Say I want to know what happens when I perform a given action in the browser. I don't care about the actual HTTP requests—what I want to know is everything that happens when I do this or that.
In order to do that, the client application can give me a way to specify a custom tag to include in every request, say
AM001—“am” are my initials, and “001” is the debugging session 1.
Now, every log entry would contain my custom tag. So an API deep down the stack would log an entry, specifying the tags
[u7tYg, MQfk2, JjsEa, AM001]. Filtering those logs would be extremely easy.
Example of a log entry
Here's an example of a log as it would be shown in the browser console. Since modern browsers make it possible to stylize the text shown in the console, the client can take a list of structured log entries, and show it like this.
15:27:43 Verb. front:bookSearch searching for “Dickens.”15:27:43 Inf. front:fetch performing GET https://bookshelf-api.example.com/search?q=Dickens.15:27:46 Inf. bookshelf-api1:blueprints/book:192 received GET /search?q=Dickens from 192.168.1.58.15:27:46 Verb. bookshelf-api1:data/cache:25 cache missing for “all-books-of-user(9228900519362).”15:27:46 Inf. bookshelf-api1:data/mongo:60 retrieving the list of all books.15:27:46 Inf. bookshelf-api1:data/mongo:60 got 1522 book(s) in 27 ms.15:27:44 Inf. front:fetch GET https://bookshelf-api.example.com/search?q=Dickens ended with HTTP 200 in 195 ms.15:27:44 Verb. front:bookSearch received 8 result(s).15:27:46 Inf. bookshelf-api1:blueprints/book:88 received POST https://bookshelf-api.example.com/read/912 from 184.108.40.206.15:27:46 Verb. bookshelf-api1:data/cache:25 adding cache entry with key “all-books-of-user(9228900519362),” no expiry date.15:27:46 Inf. bookshelf-api1:blueprints/book:192 processing ended in 188 ms.; responding with HTTP 200.

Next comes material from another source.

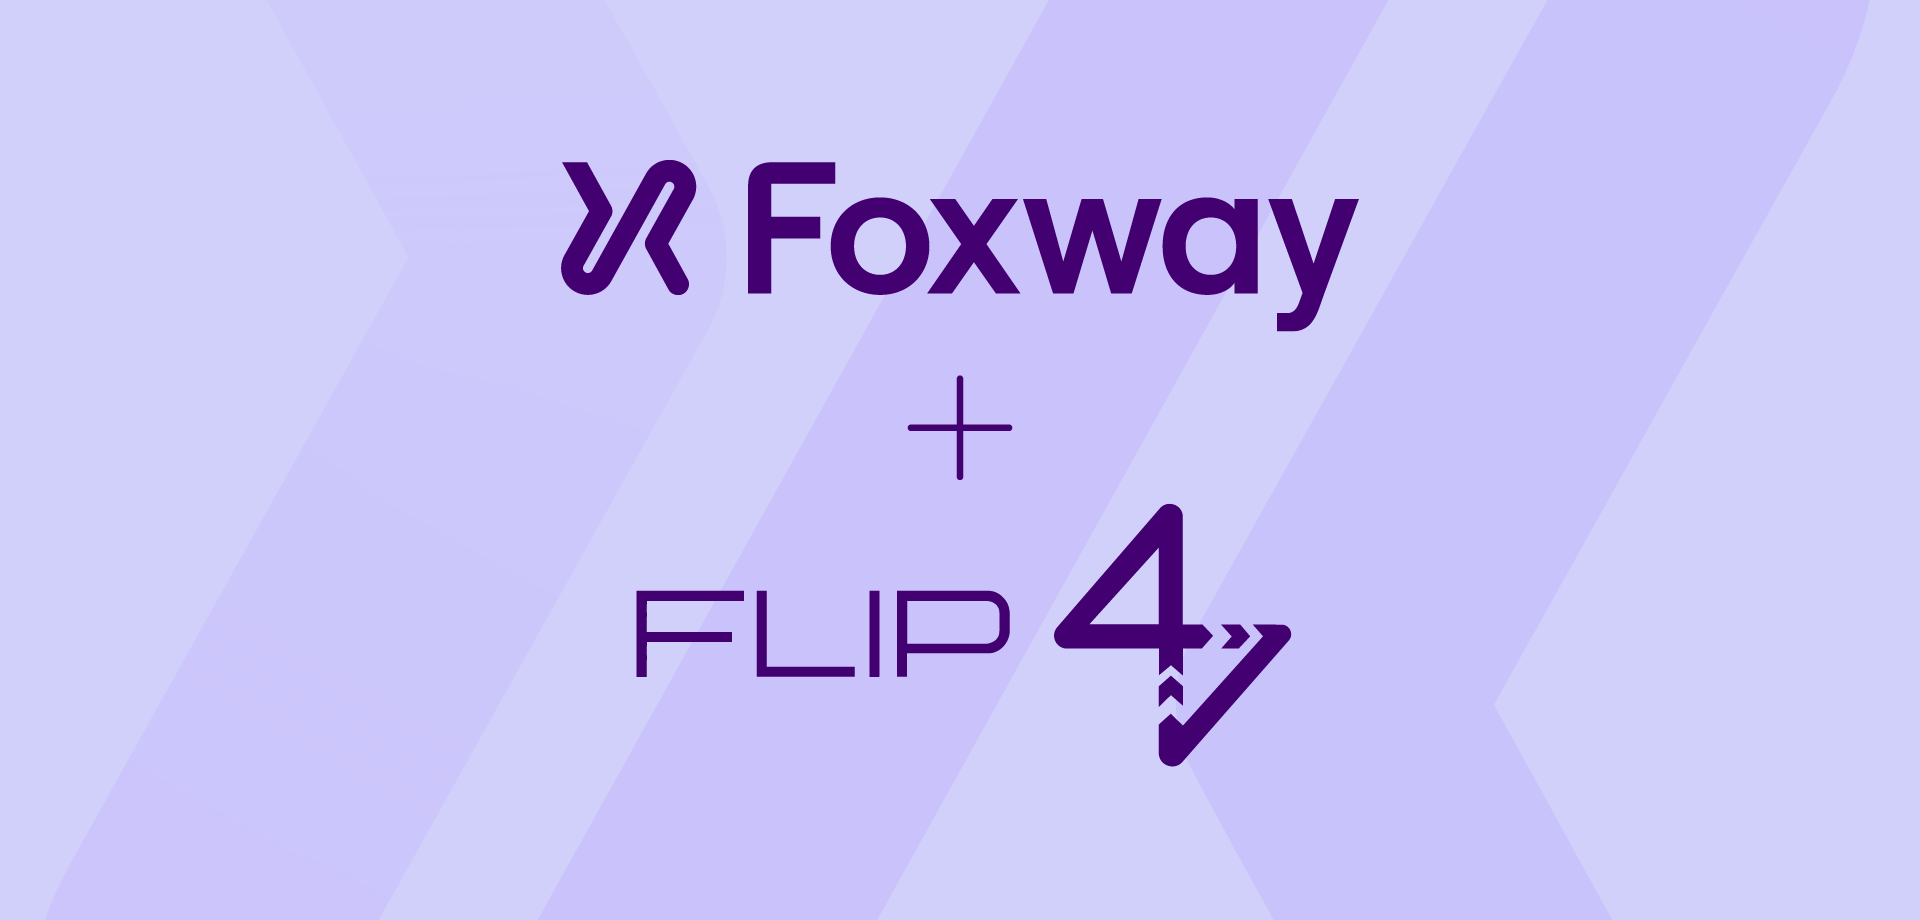 Foxway continues its European expansion and entering Germany by acquiring FLIP4NEW - Foxway
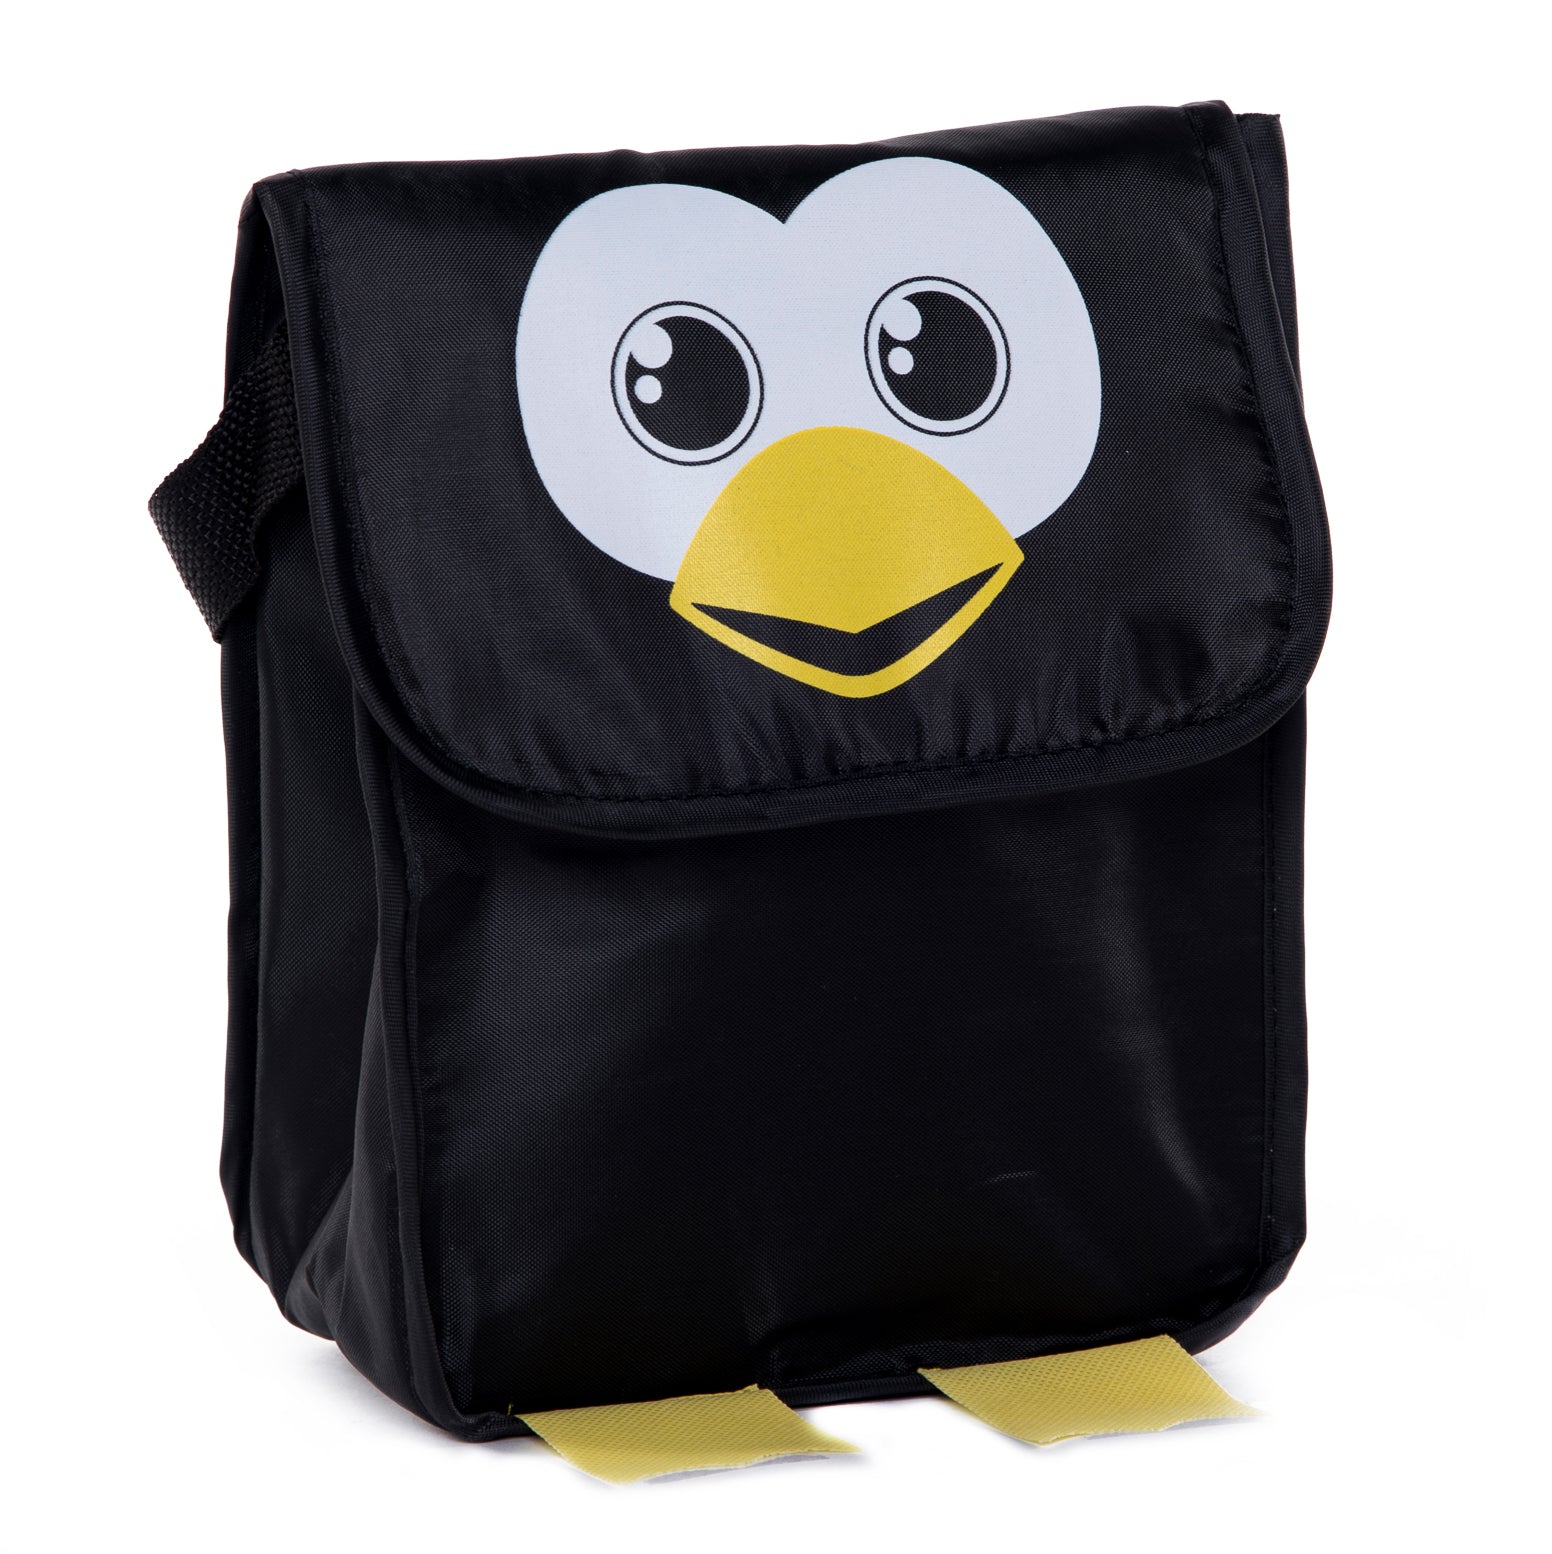 Fun Animal Snack Bag for Kids  Lightweight and insulated Lunch Bag With  Strap

Notice, towards the end, a log entry related to another request by a different client. As it doesn't have the orange tag, it can be ignored—or the client application which shows the actual logs can discard it automatically if asked to. Also notice that the messages are not necessarily in order, nor are their timestamps. As the logs from the API take time to arrive to the client (through Server-sent events or WebSockets), they are indeed often shown after the log messages of the client itself—that's the drawback of asynchronous processing of those messages. And as the time is not necessarily synchronized between the client and the server, the timestamps may differ as well.